Now, after the refueling nozzle 14 reaches the refueling position C, in order to perform preset refueling, the preset switch 19 is operated to set a desired preset amount, and this preset amount is controlled by the preset control means 2.
8 is stored. On the other hand, preset switch 19
When the preset oil supply signal is output by the operation of
It is input to the input terminal 54S of the FF circuit 54. As a result, the FF circuit 54 re-memorizes the fact that the current refueling mode has been changed from normal refueling to preset refueling, and outputs "1" indicating preset refueling from its output terminal 54Q to the exclusive OR circuit 59. On the other hand, since the input side of the exclusive OR circuit 59 receives "0" from the D-FF circuit 58, its output side outputs "1" to the AND circuit 63. However, since the output of the D-FF circuit 58 is "0",
The output side of the AND circuit 63 outputs "0" indicating an addition instruction, and the AND circuit 66 outputs an addition signal to the addition/subtraction command input terminal 75E of the refueling amount counting circuit 75, and at the same time releases the AND circuit 67 from the latch. Be ready.

On the other hand, the preset oil supply signal from the preset switch 19 is input to the AND circuit 60. Then, as in the case of preset oil supply described in FIG. 7, the delay circuit 49 outputs a one shot to the not circuit 72, and momentarily sets the correction amount data input command terminal 75B of the oil supply amount counting circuit 75 to the "L" state. As a result, the refueling amount counting circuit 75 changes to the correction amount counting circuit 7.
The correction amount data stored in 4 (this correction amount data was performed in the latest preset oil supply and is stored in the correction amount counting circuit 74) is read out and updated.

Thus, when the refueling nozzle 14 is opened, the flow rate signal is input to the refueling amount counting circuit 75 to start counting.

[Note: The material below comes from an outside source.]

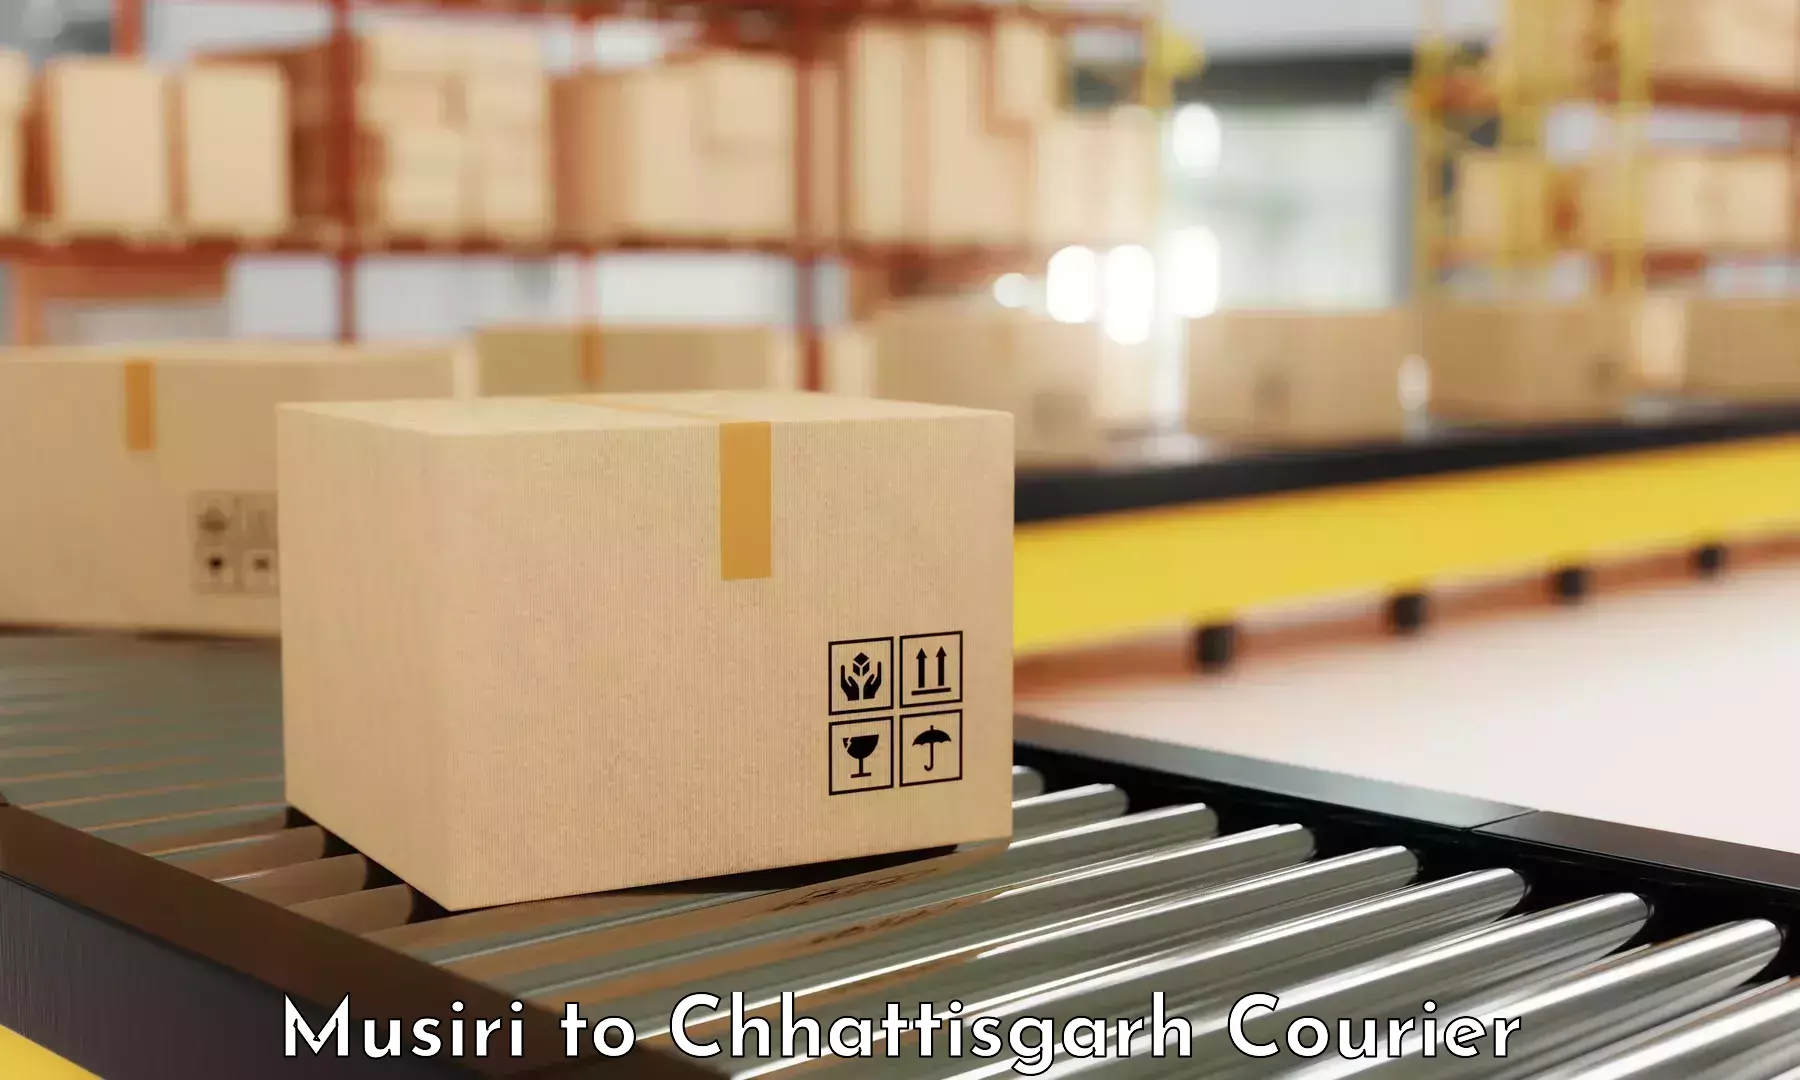 High-capacity shipping options Musiri to Chhattisgarh

At this time, the addition signal "0" is input to the counting circuit 75 via the addition/subtraction command input terminal 75E, and the correction amount corresponding to the flow rate signal from K counted by the correction amount counting circuit 74 is input, each time the flow rate signal is input to the flow rate signal input terminal 75A, the correction amount is changed to K+1, K+2,
...and are added sequentially.

Note that when the amount of oil supplied reaches the preset amount, a quantitative signal is output from the preset control means 28, and the pump motor 6 is stopped. At this time, since the quantitative signal is sent with K shots corresponding to the correction amount added in advance, the actual oil supply amount is less by the correction amount corresponding to K shots, but in the case of preset oiling, the quantitative signal is Even after the transmission, a portion of the oil in the hose 13 flows out by the corrected amount, so that the preset amount is an accurate value and the correct amount is supplied.

As described above, in the embodiment of the present invention, in each refueling mode, addition or subtraction correction is performed based on the previous refueling mode, thereby making it possible to perform accurate refueling.

In the above-mentioned embodiment, the refueling process for each refueling mode was described as being performed by the measurement control circuit shown in FIG. 4, but it can also be performed by program control using a microcomputer or the like. Furthermore, in the embodiment, the correction amount is re-coefficientd and updated and stored each time the previous lubrication mode is a preset lubrication mode. may be configured such that a predetermined correction amount determined in advance is stored as a fixed value. Further, in the above embodiment, the refueling nozzle 14 is returned from the refueling position C to the standby position B each time the refueling process is completed, but the switch box 16 is provided with a switch for continuous refueling.
The next refueling process may be performed while the continuous refueling switch lowers the refueling nozzle 14 to the refueling position C.

The lubrication method according to the present invention, as described in detail above, stores whether the previous lubrication mode was normal lubrication or preset lubrication, and adds the correction amount to be filled into the piping or hose according to the current lubrication mode. Alternatively, since it is configured to perform subtraction, accurate refueling can be performed for any combination of refueling modes, and it is possible to prevent errors from occurring depending on the refueling modes as in the prior art.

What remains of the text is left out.